* [Task directions]: Set down the entries below exactly as written.

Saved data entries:
-=-=-=-=-

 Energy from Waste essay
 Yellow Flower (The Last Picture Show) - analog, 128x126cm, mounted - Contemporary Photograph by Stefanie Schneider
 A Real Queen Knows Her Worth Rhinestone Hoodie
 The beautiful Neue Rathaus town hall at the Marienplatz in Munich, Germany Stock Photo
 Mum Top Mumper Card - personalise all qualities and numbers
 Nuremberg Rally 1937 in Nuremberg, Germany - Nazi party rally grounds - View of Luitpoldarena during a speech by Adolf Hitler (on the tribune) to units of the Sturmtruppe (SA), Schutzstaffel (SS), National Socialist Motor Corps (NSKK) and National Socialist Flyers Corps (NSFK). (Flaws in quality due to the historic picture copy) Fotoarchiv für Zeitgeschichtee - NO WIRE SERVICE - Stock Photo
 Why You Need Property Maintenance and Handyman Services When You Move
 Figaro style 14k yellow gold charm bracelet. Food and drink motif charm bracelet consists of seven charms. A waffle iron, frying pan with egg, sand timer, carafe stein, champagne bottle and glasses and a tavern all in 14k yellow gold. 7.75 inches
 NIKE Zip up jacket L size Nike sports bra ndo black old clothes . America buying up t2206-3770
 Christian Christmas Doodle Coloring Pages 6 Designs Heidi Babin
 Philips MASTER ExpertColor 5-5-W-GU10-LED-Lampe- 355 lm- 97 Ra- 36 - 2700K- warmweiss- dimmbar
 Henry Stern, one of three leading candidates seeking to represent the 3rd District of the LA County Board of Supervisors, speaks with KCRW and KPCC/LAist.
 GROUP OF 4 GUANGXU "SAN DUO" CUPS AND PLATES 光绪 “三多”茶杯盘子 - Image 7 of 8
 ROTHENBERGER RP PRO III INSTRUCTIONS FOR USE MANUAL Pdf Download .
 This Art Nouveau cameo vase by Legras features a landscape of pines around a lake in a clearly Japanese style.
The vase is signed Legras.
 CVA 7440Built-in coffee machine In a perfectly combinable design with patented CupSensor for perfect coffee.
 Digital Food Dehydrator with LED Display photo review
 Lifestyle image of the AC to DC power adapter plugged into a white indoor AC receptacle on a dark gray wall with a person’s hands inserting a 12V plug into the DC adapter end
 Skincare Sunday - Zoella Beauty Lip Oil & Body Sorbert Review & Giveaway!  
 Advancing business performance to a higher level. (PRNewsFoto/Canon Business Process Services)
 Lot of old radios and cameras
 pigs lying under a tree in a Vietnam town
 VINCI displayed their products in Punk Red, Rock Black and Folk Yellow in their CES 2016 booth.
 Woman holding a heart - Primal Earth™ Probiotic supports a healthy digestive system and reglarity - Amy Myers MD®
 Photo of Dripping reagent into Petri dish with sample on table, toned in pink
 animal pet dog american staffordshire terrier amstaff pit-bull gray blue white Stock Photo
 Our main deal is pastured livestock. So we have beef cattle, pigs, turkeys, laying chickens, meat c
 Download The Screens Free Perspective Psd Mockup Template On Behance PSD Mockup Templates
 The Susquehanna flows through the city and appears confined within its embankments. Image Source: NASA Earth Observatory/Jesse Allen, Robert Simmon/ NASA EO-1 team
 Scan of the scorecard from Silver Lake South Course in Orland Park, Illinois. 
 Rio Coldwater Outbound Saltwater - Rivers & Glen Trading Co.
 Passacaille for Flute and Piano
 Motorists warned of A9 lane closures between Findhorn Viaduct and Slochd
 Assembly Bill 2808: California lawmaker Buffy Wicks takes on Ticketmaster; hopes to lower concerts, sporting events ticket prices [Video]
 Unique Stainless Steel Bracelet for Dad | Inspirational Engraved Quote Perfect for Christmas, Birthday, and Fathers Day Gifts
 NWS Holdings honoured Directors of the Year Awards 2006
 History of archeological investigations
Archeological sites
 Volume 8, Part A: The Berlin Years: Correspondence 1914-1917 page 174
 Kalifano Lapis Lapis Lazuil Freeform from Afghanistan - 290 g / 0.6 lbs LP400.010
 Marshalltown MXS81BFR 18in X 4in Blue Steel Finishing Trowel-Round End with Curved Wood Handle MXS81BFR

-=-=-=-=-

* [Task response]:
 Energy from Waste essay
 Yellow Flower (The Last Picture Show) - analog, 128x126cm, mounted - Contemporary Photograph by Stefanie Schneider
 A Real Queen Knows Her Worth Rhinestone Hoodie
 The beautiful Neue Rathaus town hall at the Marienplatz in Munich, Germany Stock Photo
 Mum Top Mumper Card - personalise all qualities and numbers
 Nuremberg Rally 1937 in Nuremberg, Germany - Nazi party rally grounds - View of Luitpoldarena during a speech by Adolf Hitler (on the tribune) to units of the Sturmtruppe (SA), Schutzstaffel (SS), National Socialist Motor Corps (NSKK) and National Socialist Flyers Corps (NSFK). (Flaws in quality due to the historic picture copy) Fotoarchiv für Zeitgeschichtee - NO WIRE SERVICE - Stock Photo
 Why You Need Property Maintenance and Handyman Services When You Move
 Figaro style 14k yellow gold charm bracelet. Food and drink motif charm bracelet consists of seven charms. A waffle iron, frying pan with egg, sand timer, carafe stein, champagne bottle and glasses and a tavern all in 14k yellow gold. 7.75 inches
 NIKE Zip up jacket L size Nike sports bra ndo black old clothes . America buying up t2206-3770
 Christian Christmas Doodle Coloring Pages 6 Designs Heidi Babin
 Philips MASTER ExpertColor 5-5-W-GU10-LED-Lampe- 355 lm- 97 Ra- 36 - 2700K- warmweiss- dimmbar
 Henry Stern, one of three leading candidates seeking to represent the 3rd District of the LA County Board of Supervisors, speaks with KCRW and KPCC/LAist.
 GROUP OF 4 GUANGXU "SAN DUO" CUPS AND PLATES 光绪 “三多”茶杯盘子 - Image 7 of 8
 ROTHENBERGER RP PRO III INSTRUCTIONS FOR USE MANUAL Pdf Download .
 This Art Nouveau cameo vase by Legras features a landscape of pines around a lake in a clearly Japanese style.
The vase is signed Legras.
 CVA 7440Built-in coffee machine In a perfectly combinable design with patented CupSensor for perfect coffee.
 Digital Food Dehydrator with LED Display photo review
 Lifestyle image of the AC to DC power adapter plugged into a white indoor AC receptacle on a dark gray wall with a person’s hands inserting a 12V plug into the DC adapter end
 Skincare Sunday - Zoella Beauty Lip Oil & Body Sorbert Review & Giveaway!  
 Advancing business performance to a higher level. (PRNewsFoto/Canon Business Process Services)
 Lot of old radios and cameras
 pigs lying under a tree in a Vietnam town
 VINCI displayed their products in Punk Red, Rock Black and Folk Yellow in their CES 2016 booth.
 Woman holding a heart - Primal Earth™ Probiotic supports a healthy digestive system and reglarity - Amy Myers MD®
 Photo of Dripping reagent into Petri dish with sample on table, toned in pink
 animal pet dog american staffordshire terrier amstaff pit-bull gray blue white Stock Photo
 Our main deal is pastured livestock. So we have beef cattle, pigs, turkeys, laying chickens, meat c
 Download The Screens Free Perspective Psd Mockup Template On Behance PSD Mockup Templates
 The Susquehanna flows through the city and appears confined within its embankments. Image Source: NASA Earth Observatory/Jesse Allen, Robert Simmon/ NASA EO-1 team
 Scan of the scorecard from Silver Lake South Course in Orland Park, Illinois. 
 Rio Coldwater Outbound Saltwater - Rivers & Glen Trading Co.
 Passacaille for Flute and Piano
 Motorists warned of A9 lane closures between Findhorn Viaduct and Slochd
 Assembly Bill 2808: California lawmaker Buffy Wicks takes on Ticketmaster; hopes to lower concerts, sporting events ticket prices [Video]
 Unique Stainless Steel Bracelet for Dad | Inspirational Engraved Quote Perfect for Christmas, Birthday, and Fathers Day Gifts
 NWS Holdings honoured Directors of the Year Awards 2006
 History of archeological investigations
Archeological sites
 Volume 8, Part A: The Berlin Years: Correspondence 1914-1917 page 174
 Kalifano Lapis Lapis Lazuil Freeform from Afghanistan - 290 g / 0.6 lbs LP400.010
 Marshalltown MXS81BFR 18in X 4in Blue Steel Finishing Trowel-Round End with Curved Wood Handle MXS81BFR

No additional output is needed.